Fig. 2

AAG directly interacts with ELP1 subunit of transcriptional Elongator complex. a Silver staining analysis of untreated or MMS (methyl methanesulfonate) treated FLAG-AAG immunoprecipitation (IP) samples subjected to LC/MS-MS analysis. IP sample from HEK293T cells transfected with empty FLAG vector served as negative control. LC/MS-MS analysis of FLAG-AAG IP samples identified ELP1 as the most specifically enriched AAG interacting partner. Remaining subunits of core Elongator (ELP2 and 3), and known interacting partner PCNA are depicted. See also Supplementary Data 2 for the complete list of proteins identified in all samples. b IP of AAG from HEK293T whole cell extracts (WCEs) treated or untreated with MMS. c Immunoblot analysis of gel shift experiments with purified recombinant AAG and FLAG-ELP1 proteins, and chemical crosslinking with indicated amounts of BS³ (bissulfosuccinimidyl suberate).
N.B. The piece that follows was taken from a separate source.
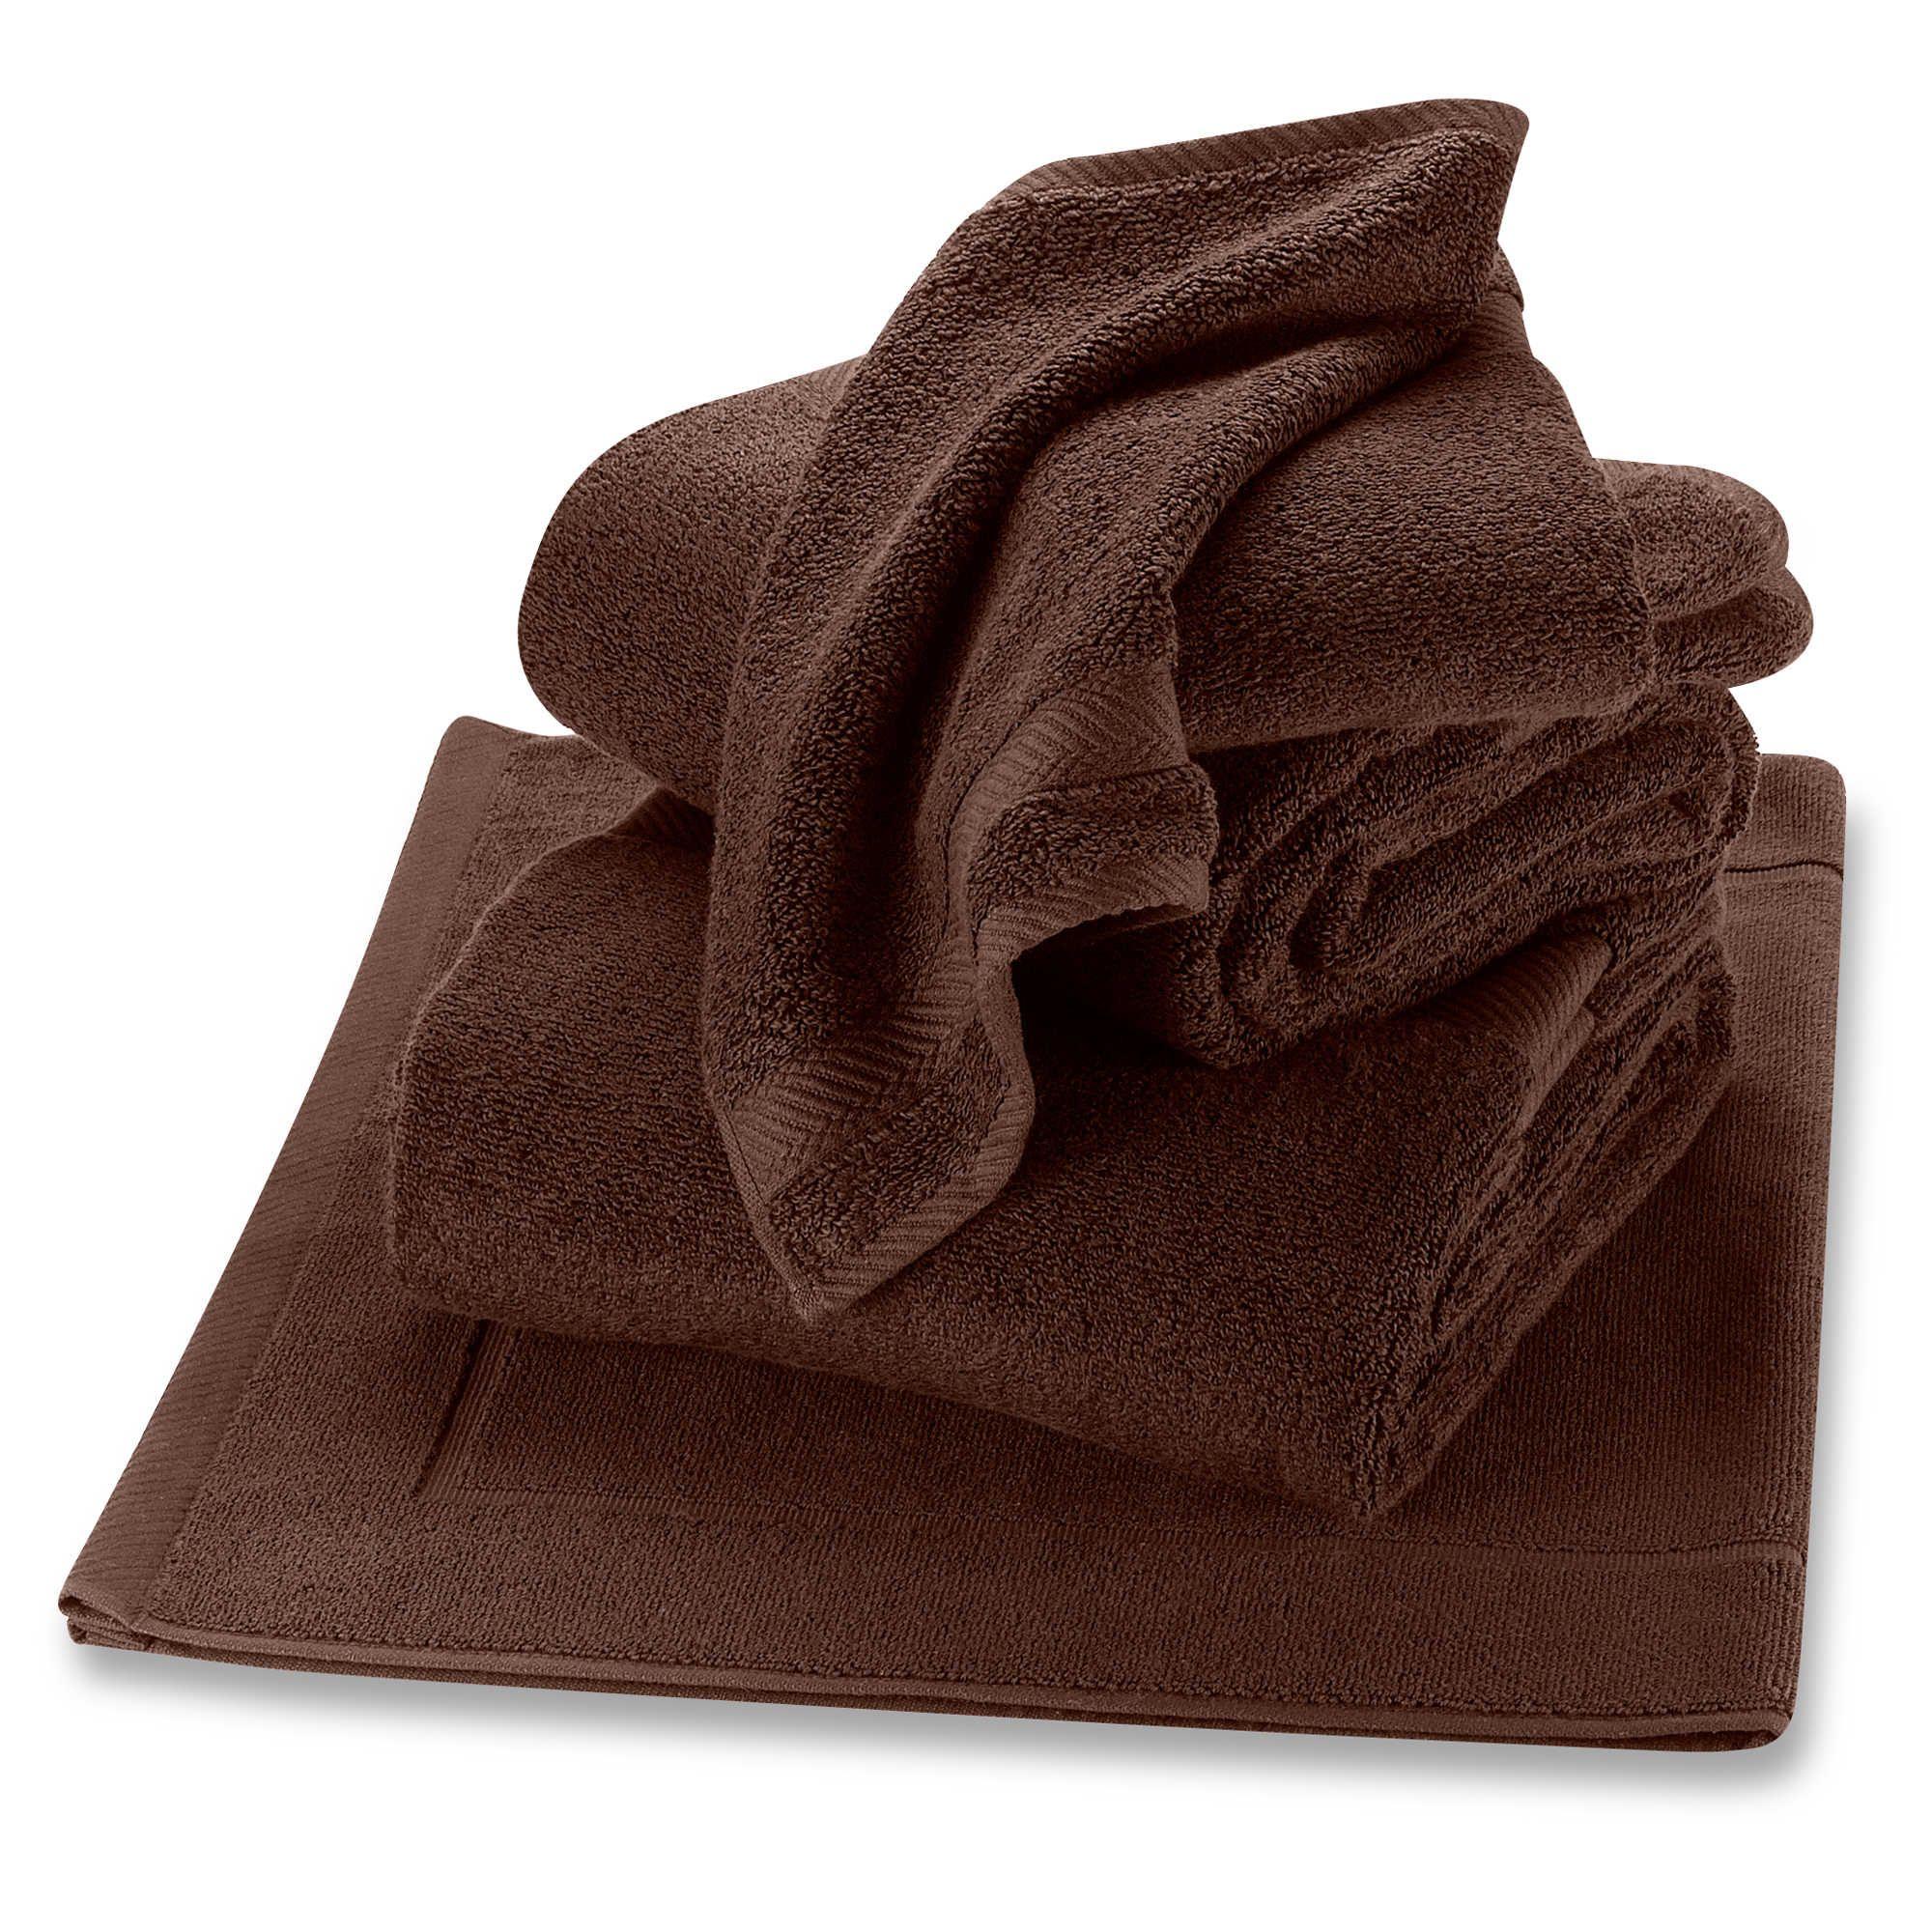 wamsutta duet bath sheet in java - Wamsutta Sheets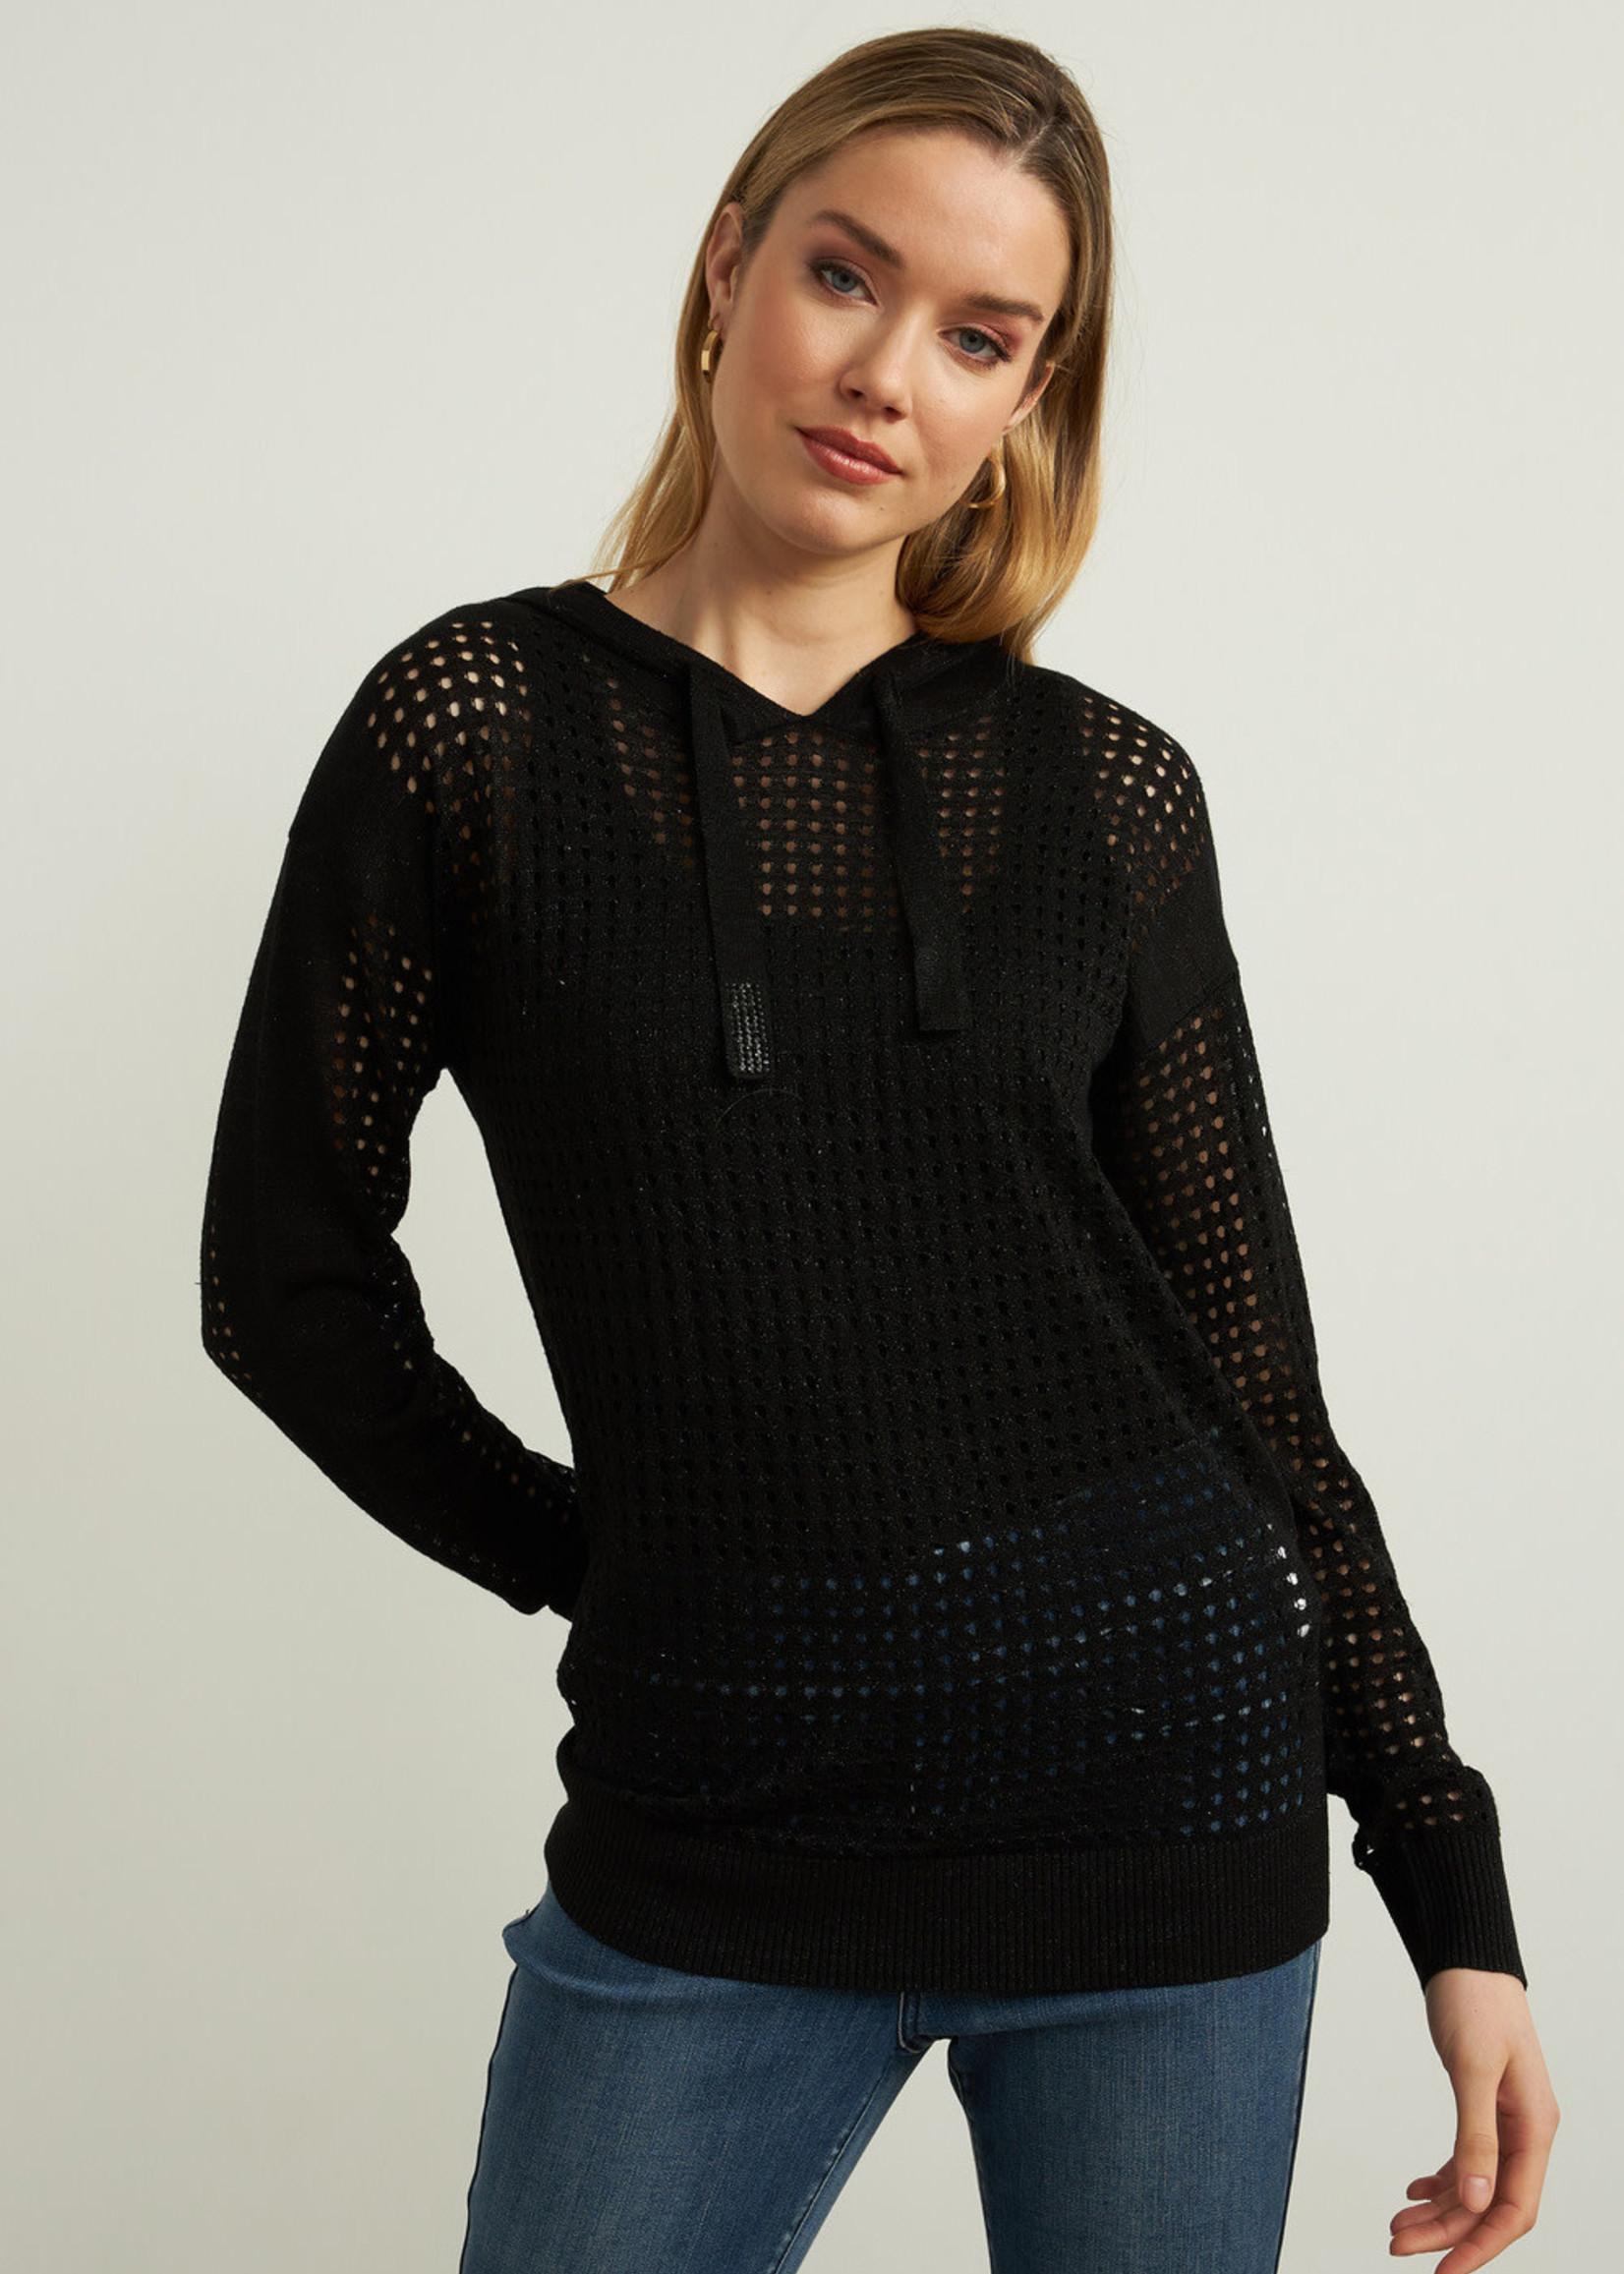 Joseph Ribkoff Joseph Ribkoff Perforated Sweater

Control samples – proteins in the absence of crosslinking agent (lanes 1-3); and single proteins with highest amount of BS³ (lanes 6, 7). d Schematic representation of full-length AAG, AAG lacking 80 N-terminal amino acids (∆80 AAG), and first 80 N-terminal amino acids of AAG (1-80aa AAG); numbers indicate amino acids. e Co-IP of purified FLAG-ELP1 with AAG full length, or AAG lacking 80 N-terminal amino acids (∆80 AAG). f IP of GFP-tagged first 80 N-terminal amino acids of AAG (1-80aa AAG) (GFP-1-80aa AAG) expressed in HEK293T AAG^−/− cells. GFP-tag positioned N-terminally. g Proximity ligation assay (PLA) showing the AAG-ELP1 interaction in HEK293T cells. Scale bar: 50 μm. Source data are provided as a Source Data file.